When this same child sliced his thumb nearly off at his grandfather's house while I was on hospital bed rest at the end of my pregnancy, I couldn't help but feel that if I had just been there - been at home with him - none of it would have happened. My urgent sense of responsibility for him actually prompted me to unplug all of the wires that connected me to the fetal monitors, take off my hospital gown, dress and discharge myself despite the urgency of my own situation so I could go and visit him next door at Children's hospital as he got stitched back together.

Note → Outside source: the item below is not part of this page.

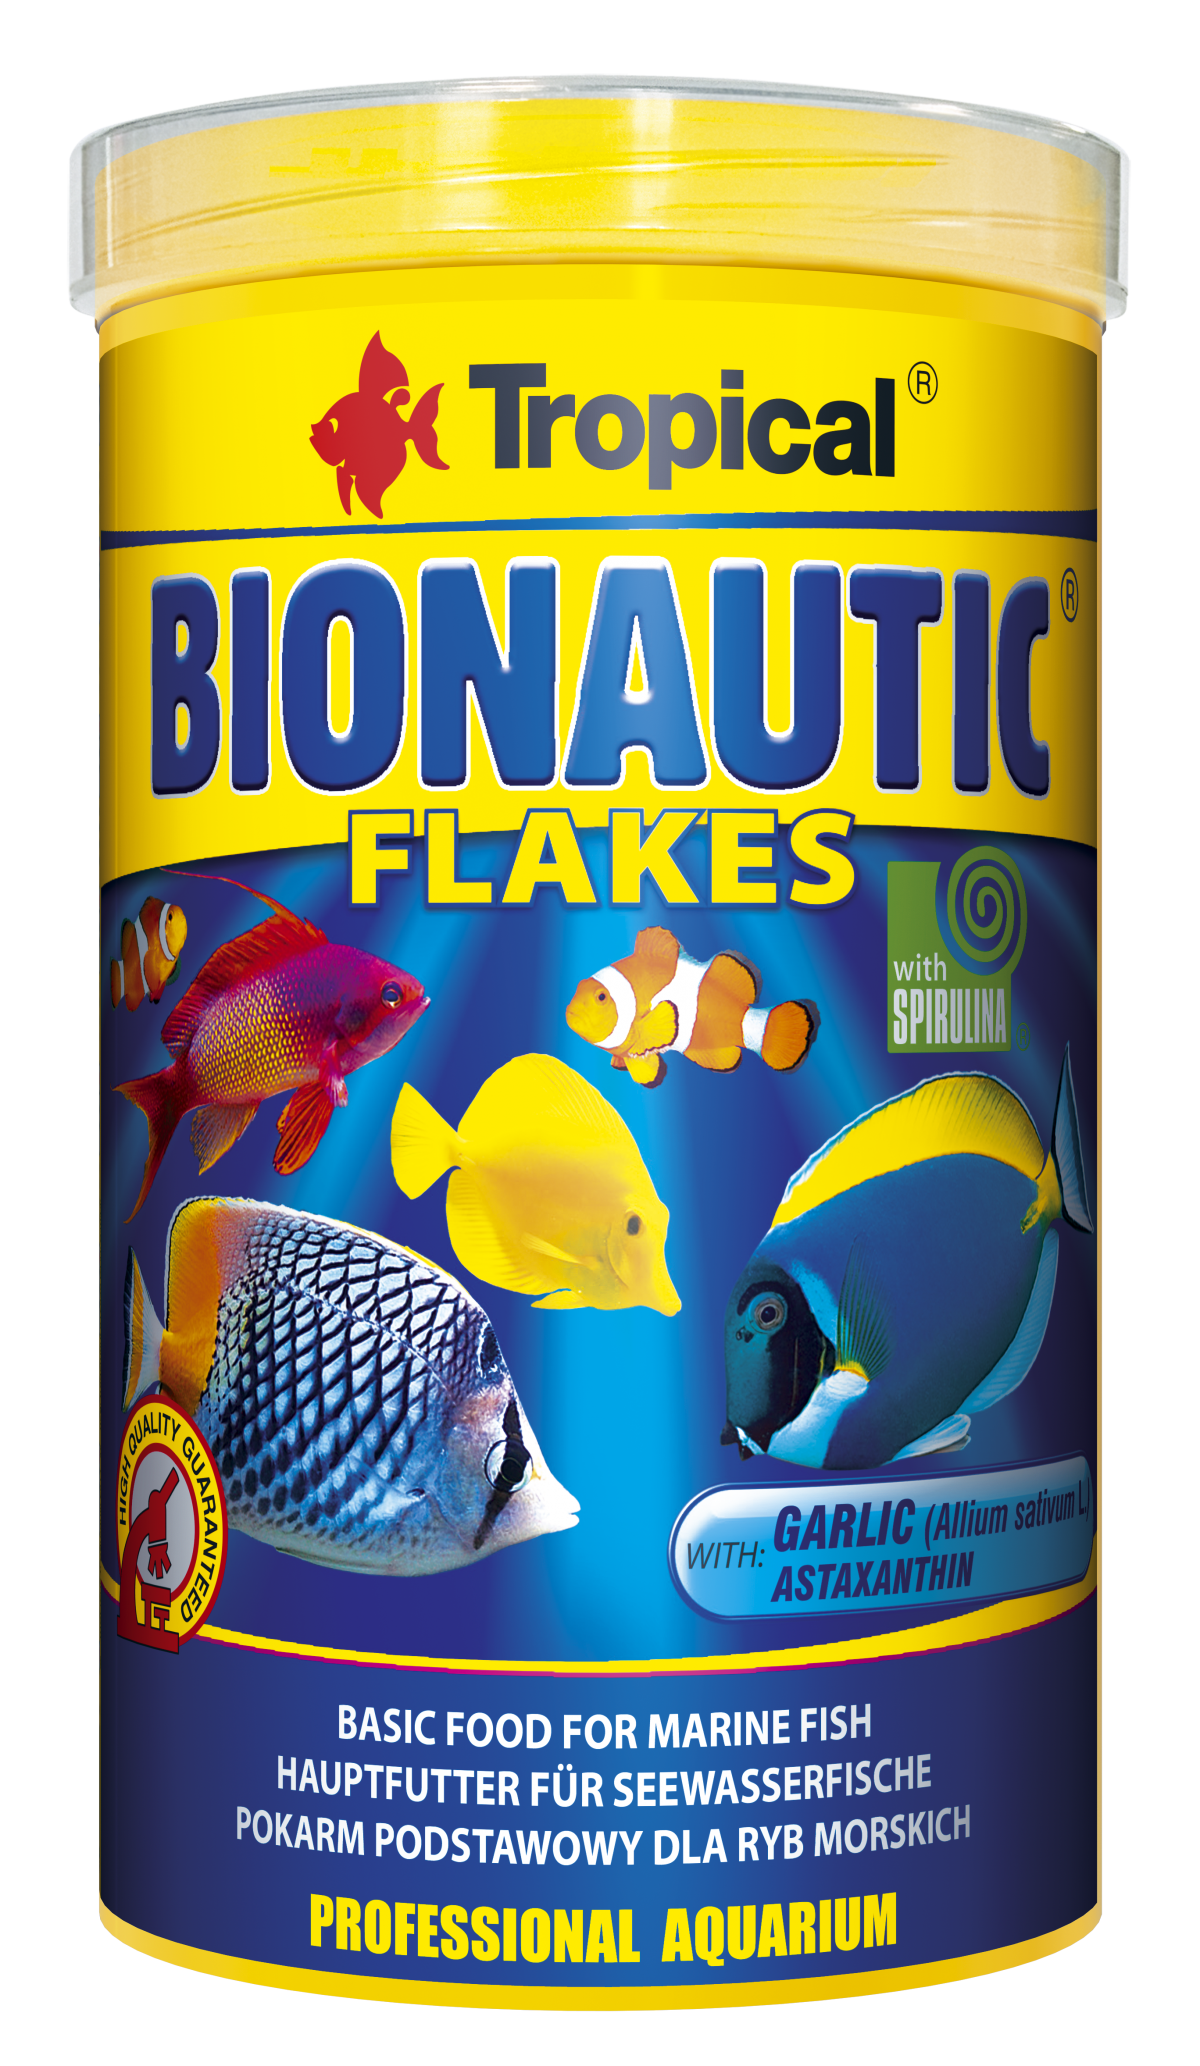 Tropical Bionautic Flakes

(Unfortunately I fainted as soon as I got there and they put me in a wheelchair and sent me right back to bed rest... so I had to wait until my husband brought him to my hospital bed to see for myself that he was okay.)
All of this to say that even when I am not physically present with my children, I feel this intense sense of responsibility for everything that happens to them. Is this a mom thing? A parent thing? I don't know. Maybe it is simply my Type A personality shining through.
On Monday I will drive this darling little boy up to his new preschool, take video as he marches through its front door with his little lunch box and plant, leave him with a hug and a big smile... and hold my breath for the rest of the morning until it is time to pick him up.
Will he love it there? Will he hate it? Will he make new friends, or come home crying for the old ones? Will he tell me he can't wait to come back on Tuesday, or that he doesn't want to move at all?
Whatever the result turns out to be, I am responsible for gently guiding him through this transition ~ a major life change in which he had no vote.
I can't determine whether or not he will be happy at the new school, I can't make friends for him, I can't alter the relationships he develops with his new teachers. I can be there for him though. I can listen to him, I can provide a stable home for him to return to from the wide world he is still discovering. I can love him with all my heart.
I am reminded every day that choices my husband and I make for our own lives make a meteor-like impact upon our children. It is heavy to know that you are personally responsible for the health and welfare of another human being, 24 hours a day, 7 days a week. Despite the weight, I wouldn't trade being a mother for anything in the universe.
I strive to be worthy of the tremendous blessing of my responsibilities.
*Name changed to protect the identity of the child in question.